# Neptune Analytics Instance Management With S3 Table Projections

This notebook uses the SessionManager to create projections from S3 Table datalake, load the projection into Neptune Analytics through S3. We will use the Louvain algorithm to find potential fraudulent nodes, and export the mutated graph back into S3 for our datalake.

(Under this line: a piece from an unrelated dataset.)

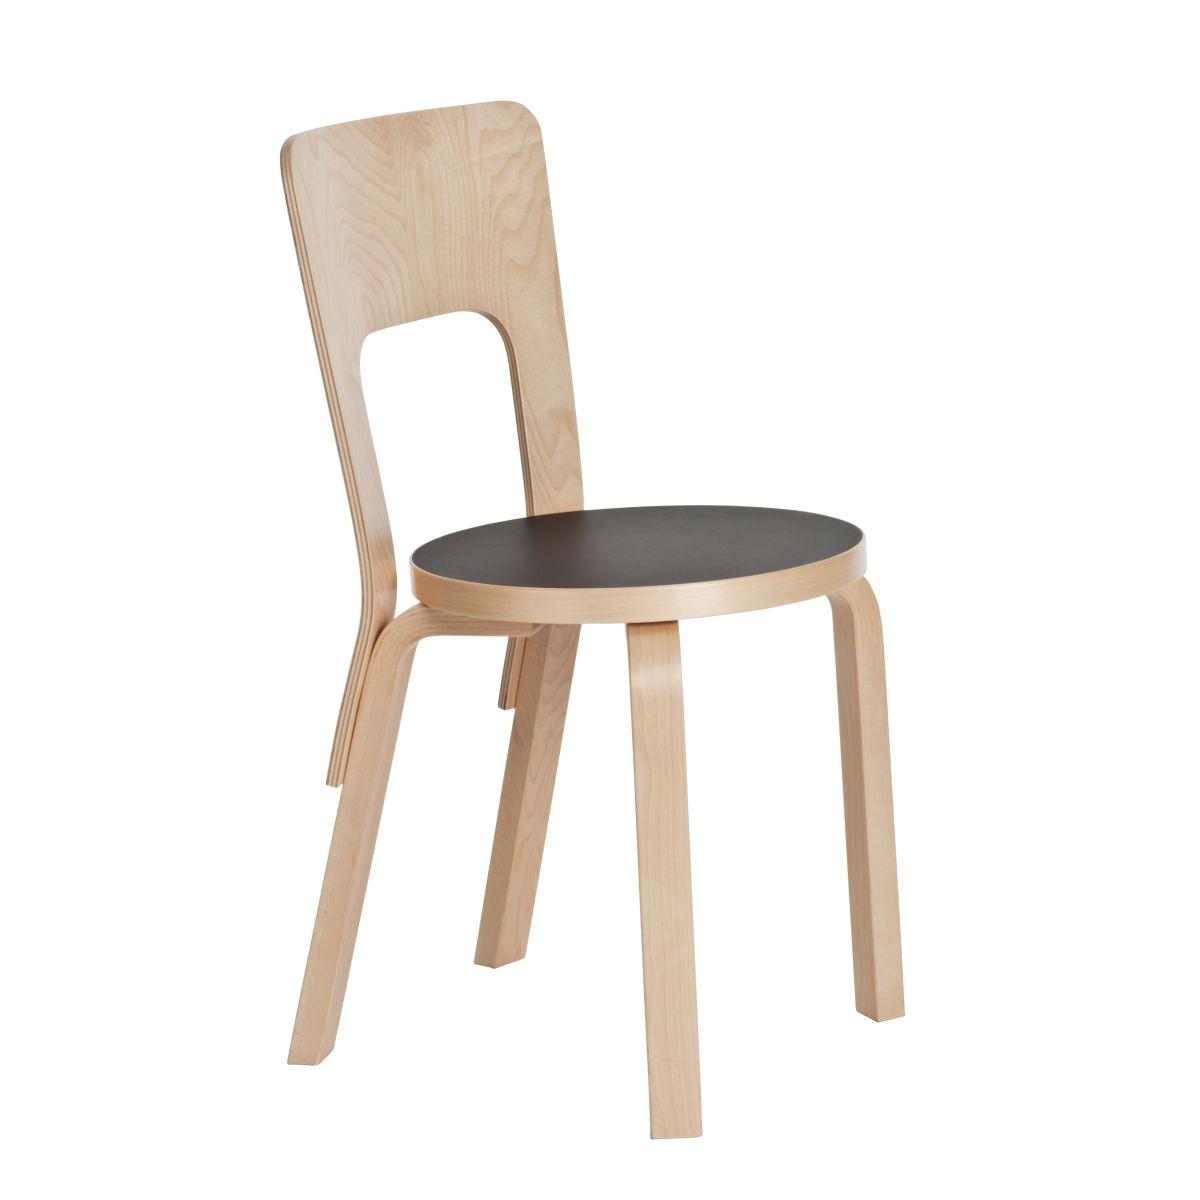 Chair-66-Clear-Lacquer-Black-Linoleum

This notebook demonstrates how to:
1. Create a projection from S3 Tables bucket.
2. Import the projection into Neptune Analytics.
3. Run Louvain algorithm on the provisioned instance to create communities.
4. Export the graph back into S3 Tables bucket.

## Setup

Import the necessary libraries and set up logging.

In [None]:
import logging
import sys
import os
from pprint import pprint

import dotenv

dotenv.load_dotenv()

from nx_neptune.session_manager import SessionManager

In [None]:
# Configure logging to see detailed information about the instance creation process
logging.basicConfig(
    level=logging.INFO,
    format='%(levelname)s - %(message)s',
    datefmt='%Y-%m-%d %H:%M:%S',
    stream=sys.stdout  # Explicitly set output to stdout
)
# Enable debug logging for the instance management module
for logger_name in [
    'nx_neptune.instance_management',
    'nx_neptune.session_manager',
]:
    logging.getLogger(logger_name).setLevel(logging.INFO)
logger = logging.getLogger(__name__)

## Configuration

Check for environment variables necessary for the notebook.

In [None]:
def check_env_vars(var_names):
    values = {}
    for var_name in var_names:
        value = os.getenv(var_name)
        if not value:
            print(f"Warning: Environment Variable {var_name} is not defined")
            print(f"You can set it using: %env {var_name}=your-value")
        else:
            print(f"Using {var_name}: {value}")
        values[var_name] = value
    return values
    
# Check for optional environment variables
env_vars = check_env_vars([
    'NETWORKX_S3_IMPORT_BUCKET_PATH',
    'NETWORKX_S3_EXPORT_BUCKET_PATH',
    'NETWORKX_S3_TABLES_CATALOG',
    'NETWORKX_S3_TABLES_DATABASE',
    'NETWORKX_S3_TABLES_TABLENAME',
])

# Get environment variables
s3_location_import = os.getenv('NETWORKX_S3_IMPORT_BUCKET_PATH')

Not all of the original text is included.